Independent; Reduced; Suffixed
Single: Double; Reduced
singular: 1st person; my; ’m; -vy; -evy; -(m)a
2nd person: ty; ’th; -jy; -tejy; -(t)a
3rd person: masculine; ev; ’n; -e(v); -eev; -(v)a
feminine: hi; ’s; -hi; -hyhi; —N/a
non-binary (proposed): ins; 'ns; ?; ?; ?
plural: 1st person; ni; ’gan, ’n; -ni; -nyni; —N/a
2nd person: hwi; ’gas, ’s; -hwi; -hwyhwi; —N/a
3rd person: i; ’s; -i; -ynsi; —N/a

Independent personal pronouns are used as the subject of a nominal sentence, for example My a grys “I believe”, or can stand before the verb in a verbal sentence to draw attention to the subject implied by the verb, for example Ni ny yllyn mos “We cannot go”. Certain other constructions employ independent pronouns, such as those based on verbal nouns, like ev dhe dhos omma “(that) he came here”, and those that follow conjunctions, such as hag i ow kortos “as they are/were waiting”.

Suffixed pronouns are attached to nouns in possessive constructions, to inflected verbs and to pronouns and are used to reinforce a pronoun previously expressed by a verbal or personal ending, for example Ple eth hi? “Where did she go?”.

Reduced pronouns are used between a verbal particle and a verb, such as in mar ny’th welav “if I don't see you”.

=== Demonstrative pronouns ===
Demonstrative pronouns display two degrees of proximity as well as gender and number.

|  | Singular |  |  | Plural |
| masculine | feminine | non-binary (proposed) | common |
| Near the speaker | hemma | homma | hemmans | an re ma |
| Near the listener | henna | honna | hennans | an re na |

These pronouns lose their final a before yw “is” and o “was”, for example Homm yw ow keniterow “This is my (female) cousin”.

== Adjectives ==
Cornish adjectives usually come after the noun they modify although a few may come before or after, such as drog “bad” and leun “full”, and a small number always precede the noun, such as lies “many” and hen “old, long-standing”. There are simple and derived adjectives.

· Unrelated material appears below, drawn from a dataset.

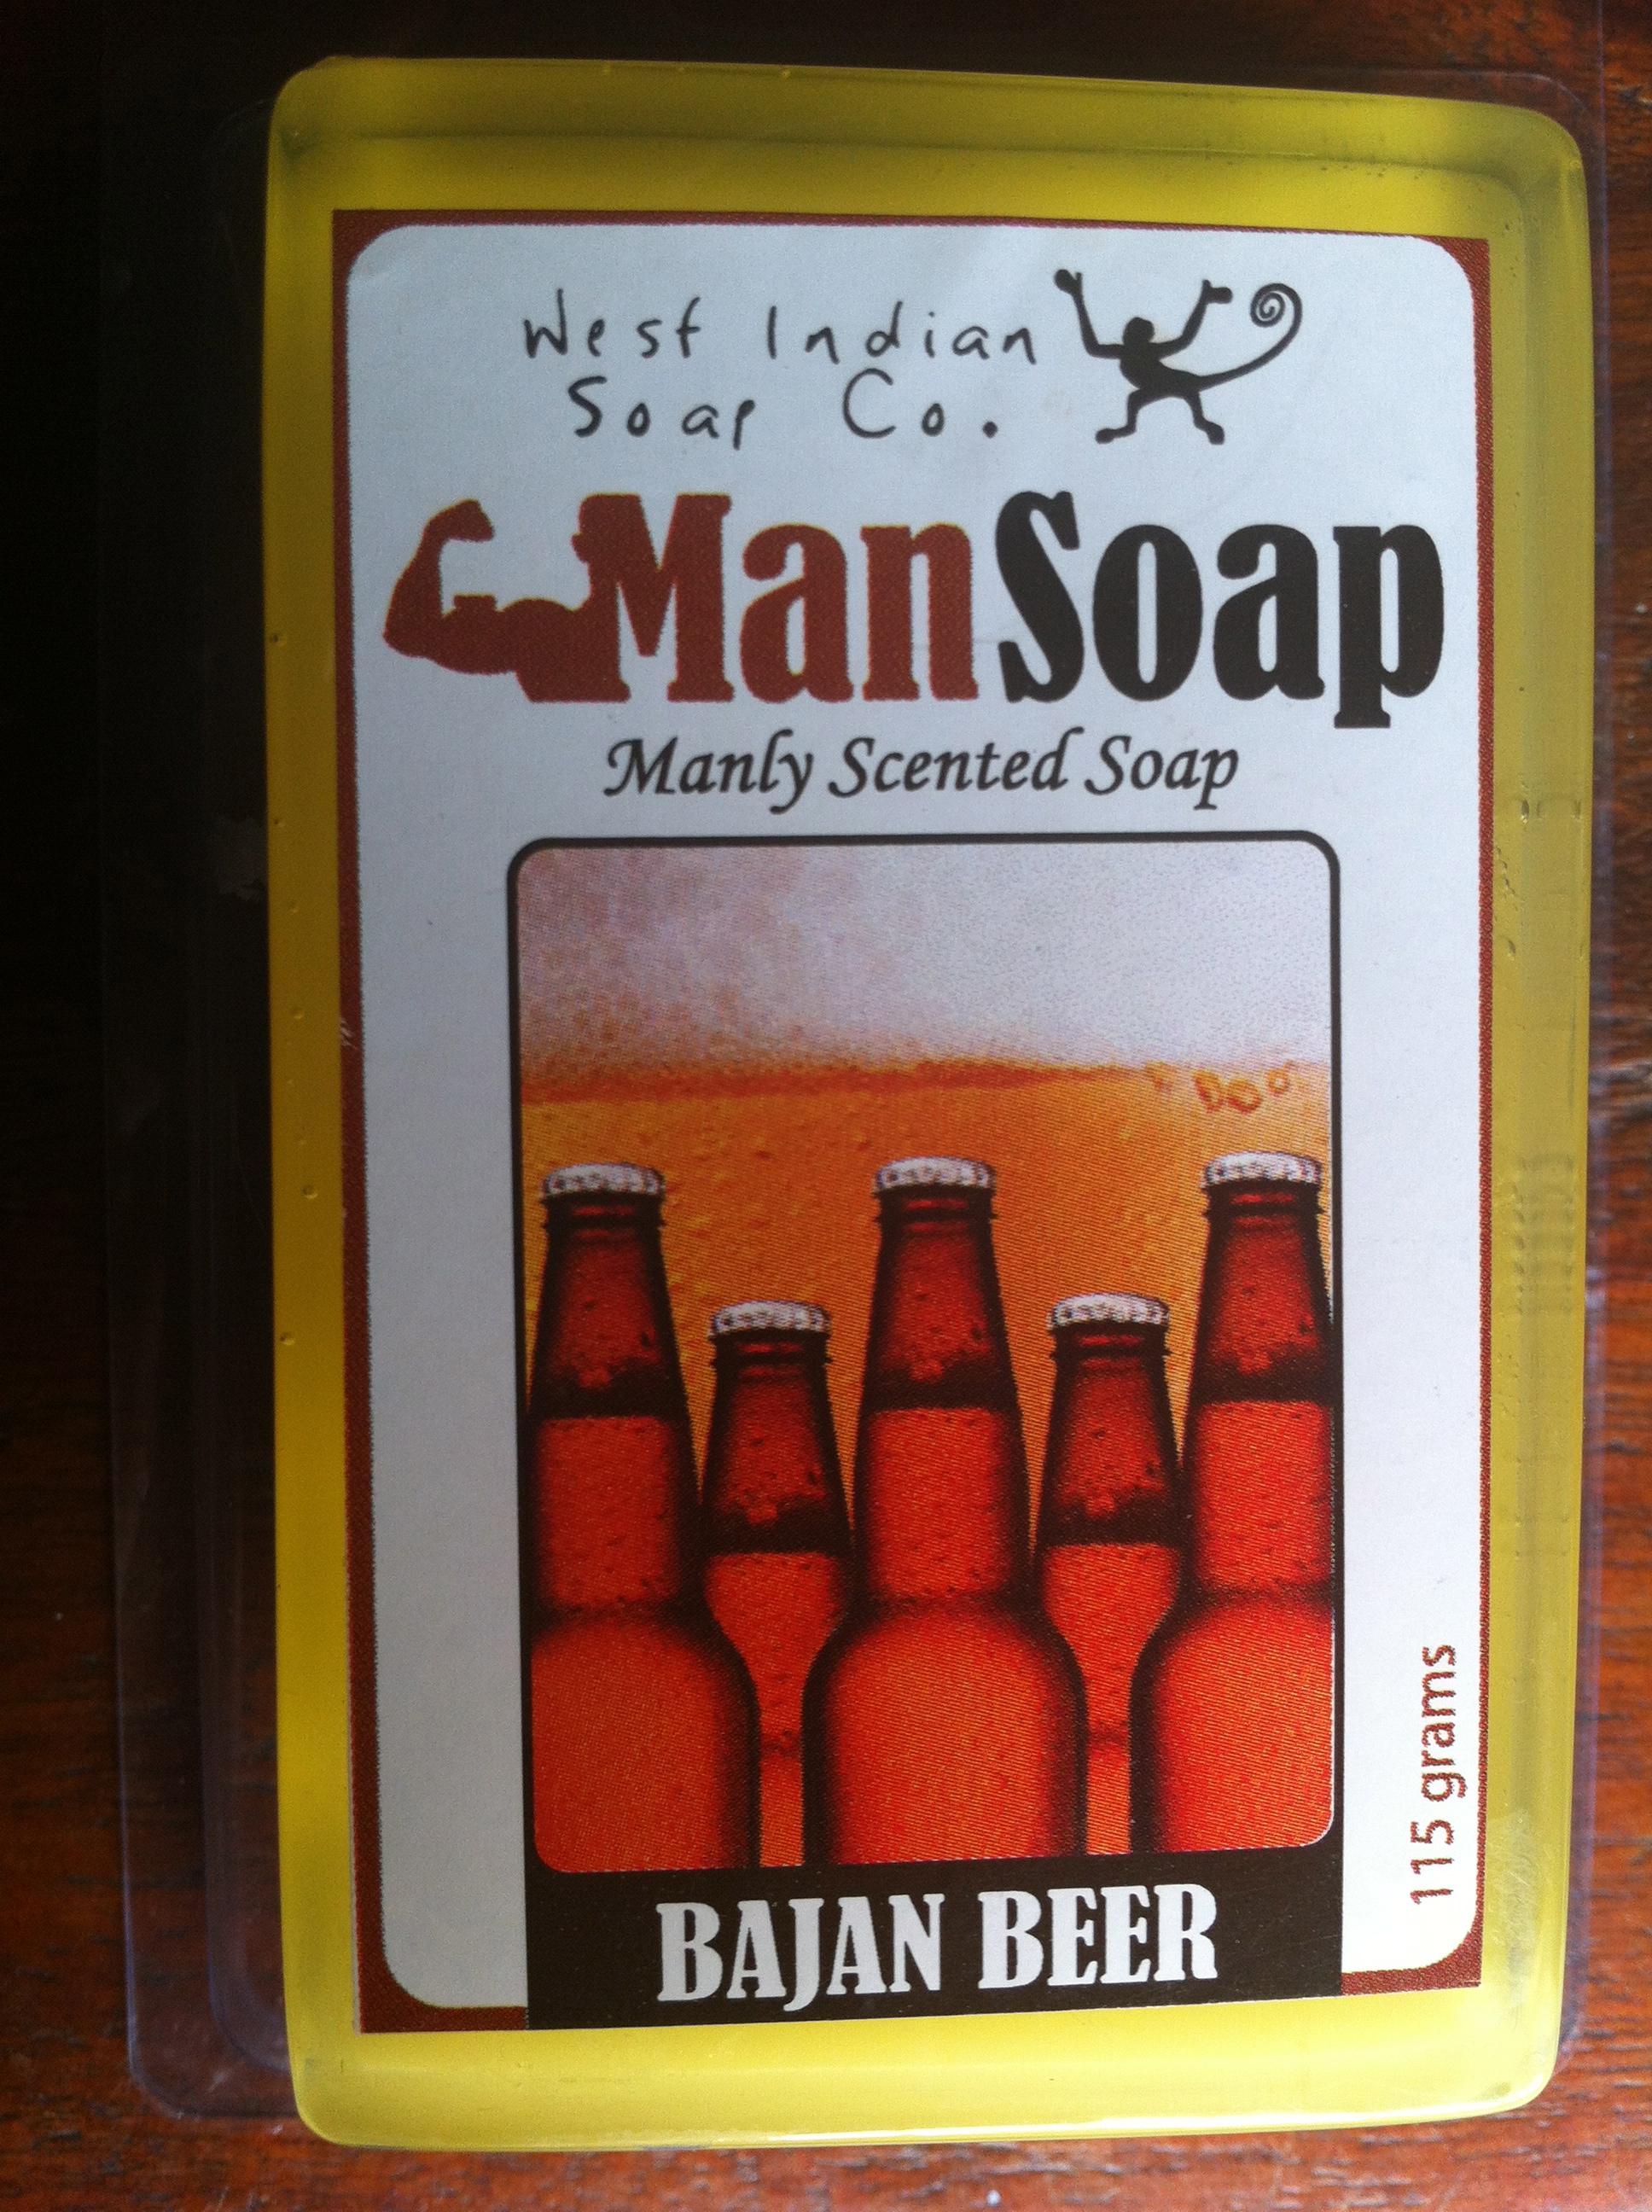 Bajan Beer

The former comprise adjectives that are not derived of any other word, whereas the latter are formed by adding suffixes such as -ek to the end of a noun (including verbal nouns). Adjectives are lenited when they are preceded by a feminine singular noun, or a masculine plural noun referring to persons, e.g. benen goth 'an old woman', mebyon vyghan 'small sons'.

=== Comparison ===
Adjectives are inflected with -a to give a comparative/superlative form. This suffix causes provection of the adjective stem, for example glyb “wet” to glyppa and krev “stong” to kreffa. A number of adjectives are irregular and have separate comparative and superlative forms.

| positive | comparative | superlative |
|---|---|---|
| byghan, “small” nebes “little” (quantity) | le “smaller, fewer, less” | liha “smallest, fewest, least” |
| da, mas “good” | gwell “better” | gwella “best” |
| drog “bad” | gweth, lakka “worse” | gwetha “worst” |
| isel “low” | isella, is “lower” | isella, isa “lowest” |
| meur “much, great” | moy “more, greater” | moyha “most, greatest” |
| ogas “near” | nes “nearer” | nessa “nearest” |

== Adverbs ==
Adverbials in Cornish may be a single word or a more complex phrases, for example ena “then” and y’n eur ma “now”, literally “in this hour”. Many are formed from the combination of a preposition and a noun or pronoun, such as war-woles “downwards” from war “on” and goles “bottom” and a-ji (or a-jei) “within” from a “from, at” and chi (or chei) “house”. Adverbs can be formed from adjectives by means of the particle yn, such as in the case of krev “strong” to yn krev “strongly” and da “good” to yn ta “well”.

== Verbs ==

=== Regular conjugation ===
Cornish verbs are highly regular and are conjugated to show distinctions of person, number, mood, tense and aspect in various combinations.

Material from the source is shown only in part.